Unreality check
Back in those early and innocent days of the last presidential campaign, the crowded Republican field was often referred to (not infrequently by Republicans) as a “clown car.” It was funny at the time, if clichéd.
It’s not funny now. Send in the clowns. Please.
The more apt vehicular metaphor might be a padded van. The ostensible leader of the free world is seeing bugs in the walls, like Ray Milland in “The Lost Weekend,” except he insists these bugs were put there by the previous president of the United States.
That ought to be of substantial public concern. Of far greater concern is that millions of Americans not only don’t have a problem with it, but consider these bizarre and irresponsible rantings somehow credible.
It’s reassuring that polls say only 39 percent of Americans think Donald Trump is doing a decent job as president. It’s horrifying that 39 percent of Americans think Donald Trump is doing a decent job as president.
I’ve been trying for weeks now to write something about this intensifying national nightmare and just haven’t been up to it — overwhelmed, frankly, by the sheer enormity of what we’re seeing ... and willfully not seeing.
What every attempt keeps running into is this: Is there anything at this point, literally anything, that President Trump could do or say, or that could be revealed about him, that would make any difference to people who are going to excuse and rationalize this monstrous mutation of a presidency no matter what?
Apparently not. Because in the Age of Trump, reality is Play-Doh.
It certainly didn’t matter before the election. We all saw him mocking a disabled reporter — the video is still available all over the Web — and his enablers, public and private, tell you with a straight face that it never happened. He’s caught on camera boasting about grabbing women by the crotch, and it’s just dirty talk, not molestation. He claims to have seen American Muslims cheering on 9/11 — a story the rest of the nation somehow missed for 15 years. (Let’s hope we don’t have some diplomatic disagreement with Tokyo, or Trump will claim Japanese-Americans on Oahu were celebrating as the Arizona burned and sank.)
Now he’s president, and it still doesn’t matter.
He sends out illiterate, unhinged Twitter messages accusing his predecessor of wiretapping his apartment — an assertion Trump clings to, writes the notoriously left-wing editorial page of the Wall Street Journal, “like a drunk to an empty gin bottle.”
He’s a serial liar, and he’s gloatingly defiant about it. His recent interview with Time magazine is one jaw-dropping lie after another, after another, after another. He needs no evidence and should be held to no accountability, because he’s “intuitive.” (Or was it “intuitional”? No matter.)
This reckless, fact-untethered, pathologically narcissistic man-child is unfit to lead a snipe hunt, and there apparently aren't five people in the moral wasteland that's left of Congress who are willing to rise above this wreckage for the sake of country over politics. (Ending this dangerous farce would still leave the GOP in control of all three branches of government.)
At some level, almost everybody sees the truth. That’s what has the world looking at us in head-shaking disbelief: Everybody knows it, and everybody knows everybody knows it.
And we’re not even into the Russia thing yet — the growing evidence of collusion with a foreign, and hardly friendly, power. It really isn’t needed here except to make a grotesquely obvious point: Summon up 30 seconds’ worth of intellectual and ethical honesty, and imagine a Democrat — any Democrat, but especially one named Obama or Clinton — with exactly the same body of evidence re Vlad Putin and Moscow, and try to make the case that Congress wouldn’t be in full impeachment-imprisonment meltdown mode. We’d be building new cells at Gitmo.
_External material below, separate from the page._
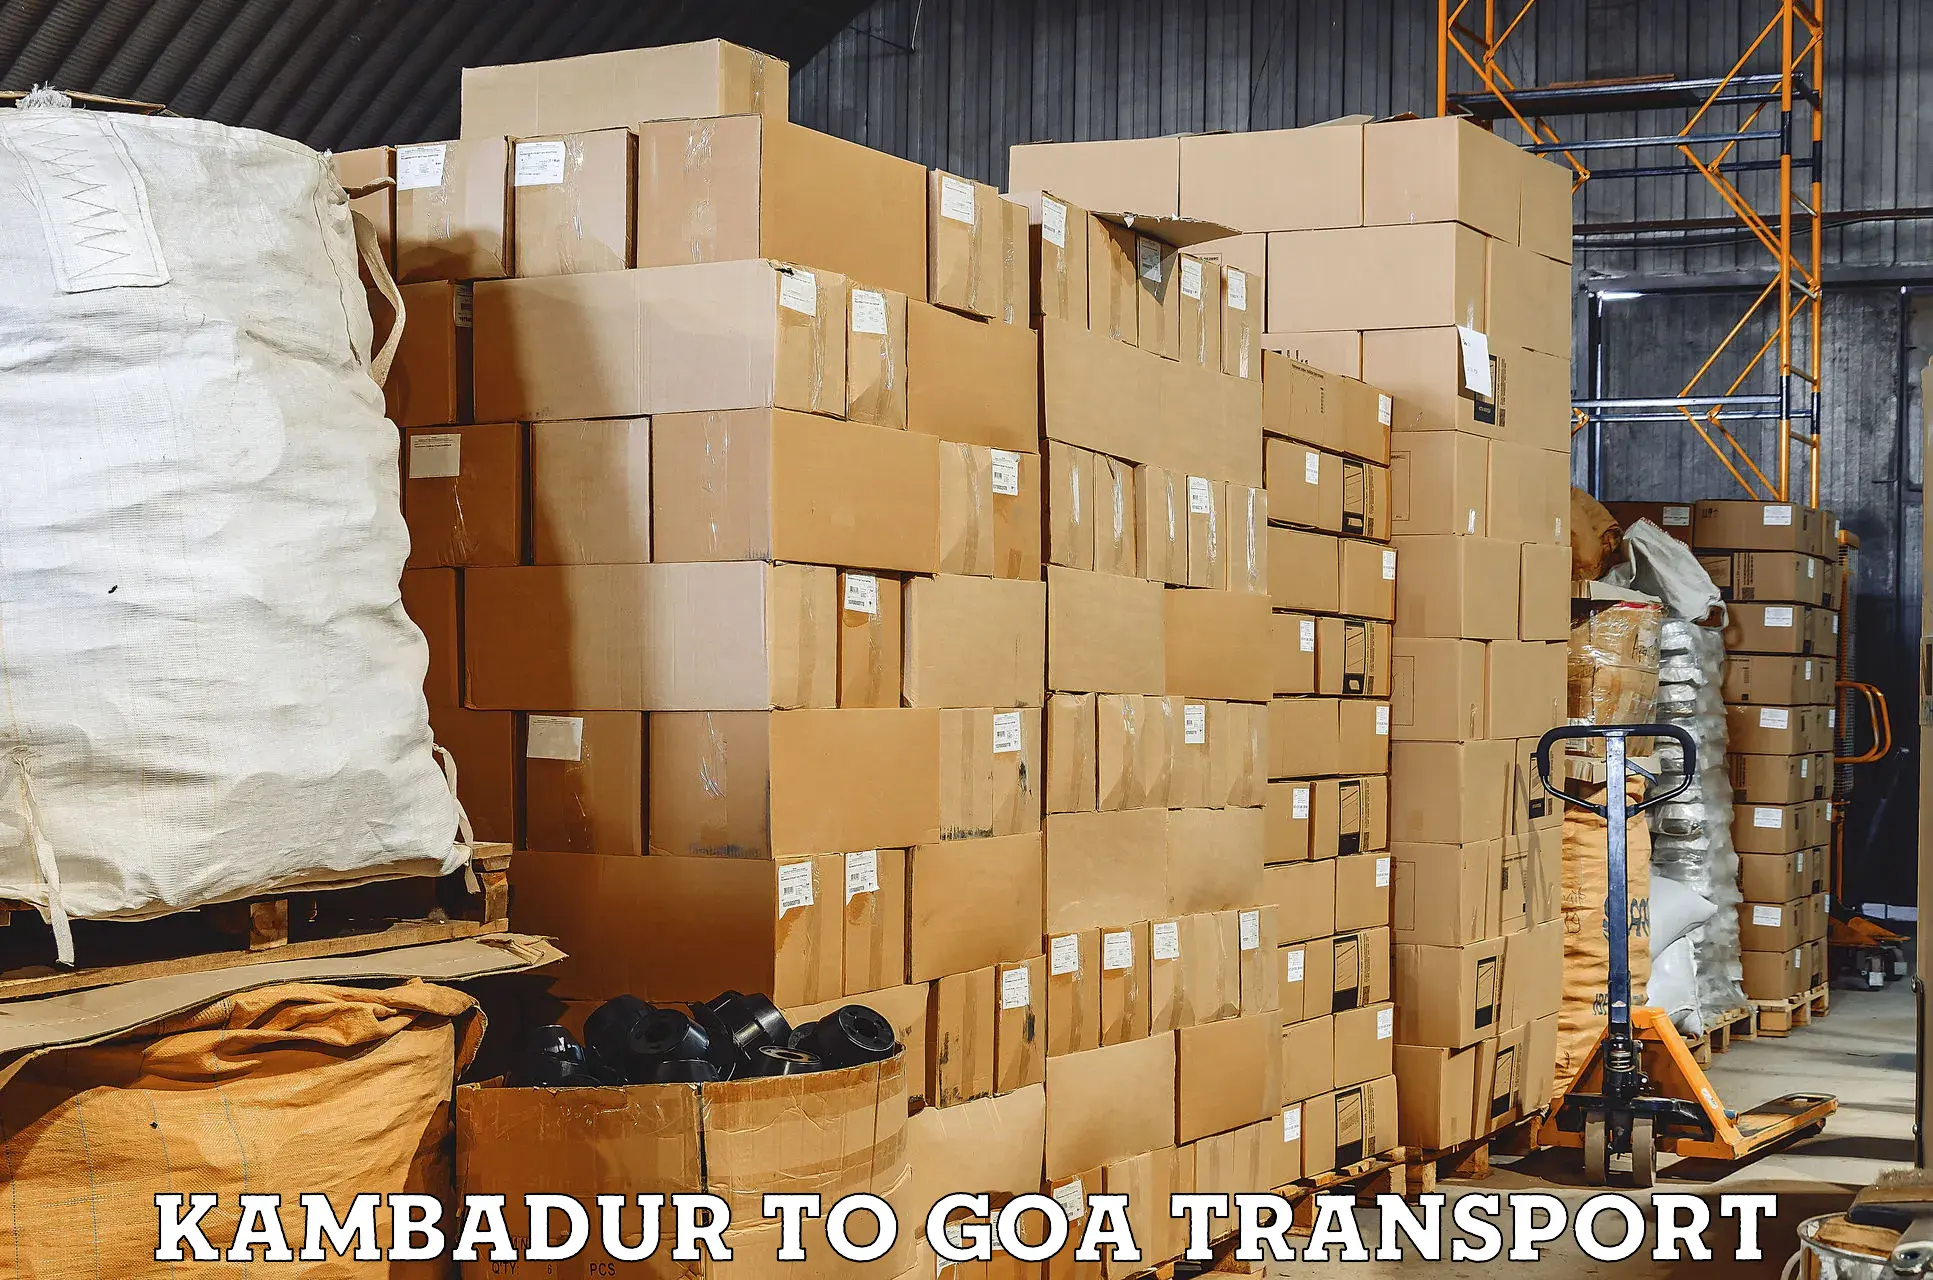 Vehicle transport services Kambadur to NIT Goa

Speaking of Democrats, incidentally — and they are indeed incidental — don’t expect any help there. They’re fully engaged in the time-honored tradition of ignoring battles they can win to fight ones they can’t. There’s also a passionate faction you’ve no doubt heard about that thinks the way to win back Trump voters is by pulling the party more to the left. There might be some planet where that makes sense. On this one, it sounds like using the Falcons’ fourth-quarter Super Bowl game plan for strategy ideas.
This shouldn’t be about liberal vs. conservative, because Donald Trump is neither. He has no discernible ideology or principles or convictions — except, of course, for his newly discovered (but no doubt sincere and abiding) reverence for the unborn. This was apparently enough to secure him the “Christian” vote thanks to the toxic embrace of the Elmer Gantry PAC, a tragic degenerative disease of American faith.
We’ve heard a lot of talk in recent years about “taking back” America, much of it from people who seemed to think the country was ever all theirs in the first place. Somewhere within the GOP, surely, are men and women who constitute a collective conscience with a pulse, and who need to focus on taking back their party. If they manage the latter, it would go a long way toward accomplishing the former.